The eviction buffer 404 can represent one or more lines that have been previously processed as part of the active buffer 402. In FIGS. 4A, 4B, and 4C, the eviction buffer 404 can is defined in this illustrative embodiment example as containing a single line of seven pixel regions. It is to be noted that in some embodiments, the eviction buffer 404 can contain a different number of pixel regions. As the lines are no longer needed, the lines in the eviction buffer 404 are removed from the cache as the current active buffer 402 is processed.

The pre-fetch buffer 406 can represent one or more lines that are next in the sequence to be processed as part of the active buffer 402. In FIGS. 4A, 4B, and 4C, the pre-fetch buffer 406 is defined as containing a single line of seven pixel regions. While the active buffer 402 is processed, lines in the pre-fetch buffer 404 can be placed in the cache 110 such that the lines can be processed immediately after the lines in the active buffer 402 have finished being processed.

FIGS. 5A, 5B, and 5C illustrate an example of linearly processing an image using line buffers, in accordance with embodiments. In the figures, pixel regions in the image 500 can be sectioned off and designated as an active buffer 402, an eviction buffer 404, and a pre-fetch buffer 506.

The active buffer 502 can represent a set of one or more lines that are stored in the cache 110. In FIGS. 5A, 5B, and 5C, the active buffer 502 is defined as containing a single of seven pixel regions. It is to be noted that in some embodiments, the active buffer 502 can contain a different number of pixel regions. As shown in FIGS. 5A, 5B, and 5C, the active buffer 502 moves from line to line in sequential order as each line is processed.

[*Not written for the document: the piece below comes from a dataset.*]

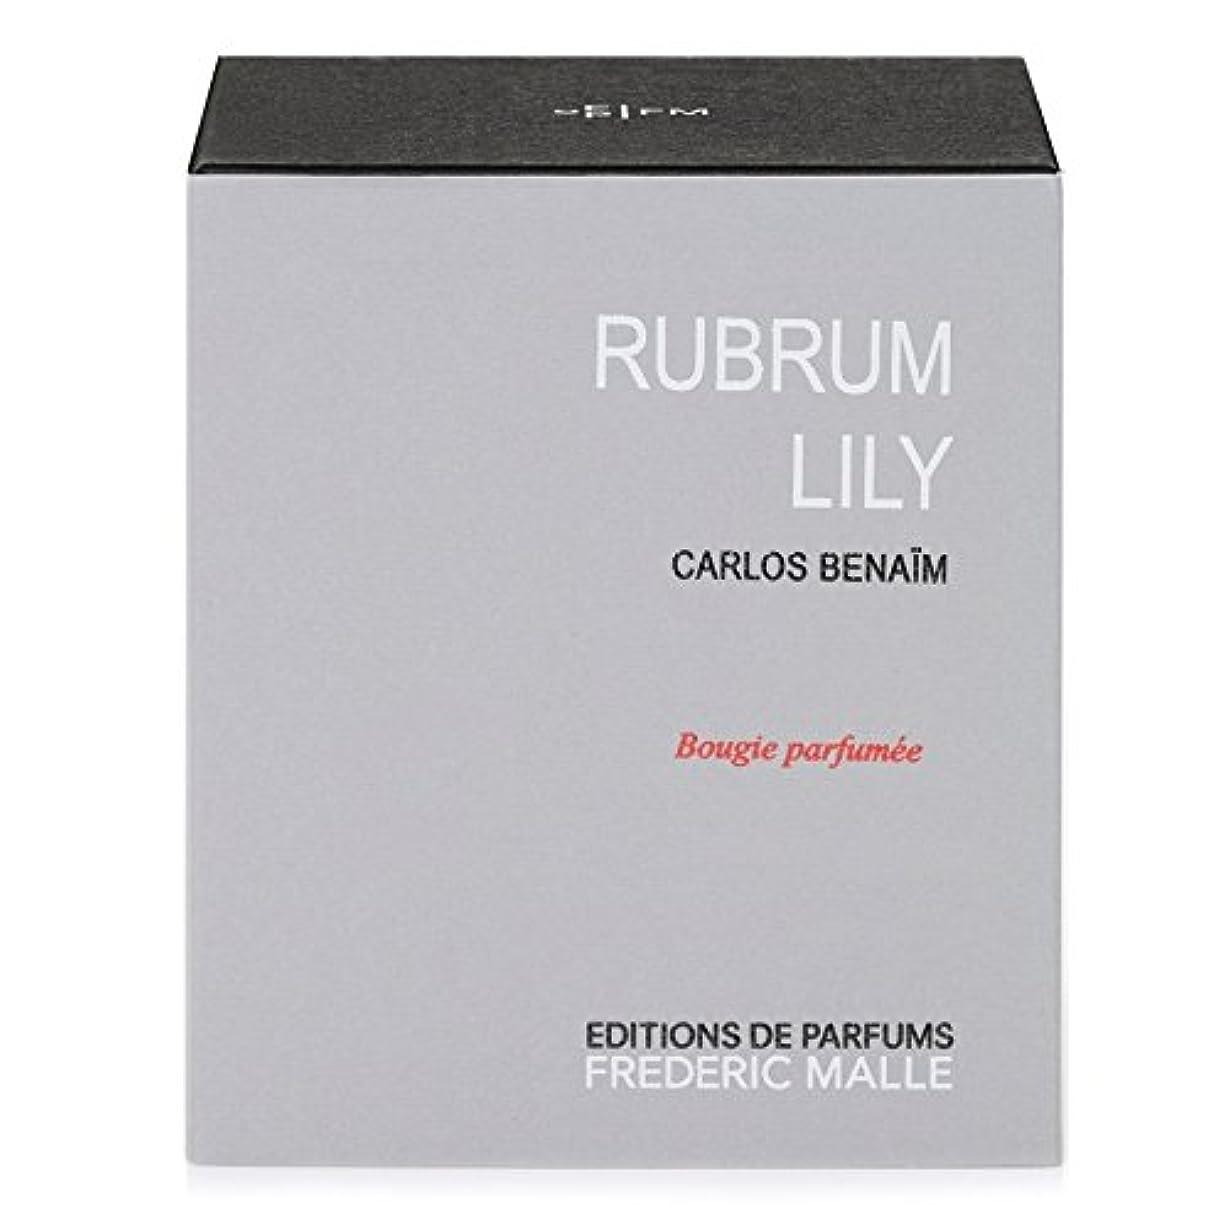 落ち着かない名義で強化するフレデリック?マルルブルムユリの香りのキャンドル x6 - Frederic Malle Rubrum Lily Scented Candle (Pack of 6) [並行輸入品]

The eviction buffer 504 can represent one or more lines that have been previously processed as part of the active buffer 502. In FIGS. 5A, 5B, and 5C, the eviction buffer 404 can is defined as containing a single line of seven pixel regions. As the lines are no longer needed, the lines in the eviction buffer 504 are removed from the cache as the current active buffer 502 is processed.

The pre-fetch buffer 506 can represent one or more lines that are next in the sequence to be processed as part of the active buffer 502. In FIGS. 5A, 5B, and 5C, the pre-fetch buffer 506 is defined as containing a single line of seven pixel regions. While the active buffer 502 is processed, lines in the pre-fetch buffer 504 can be placed in the cache 110 such that the lines can be processed immediately after the lines the active buffer 502 have finished being processed.

FIG. 6 is a process flow diagram of a method 600 to access an image stored in memory. The method 600 can be performed by a Stepper Tiler Engine of a CPU in an electronic device such as a computer or a camera. The method 500 may be implemented with computer code written in C, C++, MATLAB, FORTRAN, or Java.

At block 602, the Stepper Tiler Engine pre-fetches image data from the memory storage. The image data may be composed of pixel regions, wherein pixel regions can be at least one of a pixel, a grouping of pixels, a region of pixels, or any combination thereof.

At block 604, the Stepper Tiler Engine arranges the image data as a one-dimensional array to be linearly processed. The one-dimensional array can be accessed as a linear sequence of pixel regions. The properties and size of each pixel region can be determined in the written code. The written code can also contain the addresses of the image's storage location and destination. Although 2D image processing is described, the present techniques may be used for any image processing, such as 2D image processing, 3D image processing, or n-D image processing.

In embodiments, the rectangle assembler may cache data as an array of pointers instead of copying the data again into a 1D array. In this manner, the rectangles are assembled into 1D arrays of pointers to the lines in the cache which contain the rectangles. As a result, the pre-fetched lines are copied into the Stepper Tiler cache once, which prevents multiple copies. In this type of 1D array embodiment, the 1D arrays are represented as an array of pointers to the rectangular regions in the line buffers. Correspondingly, the same arrangement is can be used to write data back to memory prior to cache eviction.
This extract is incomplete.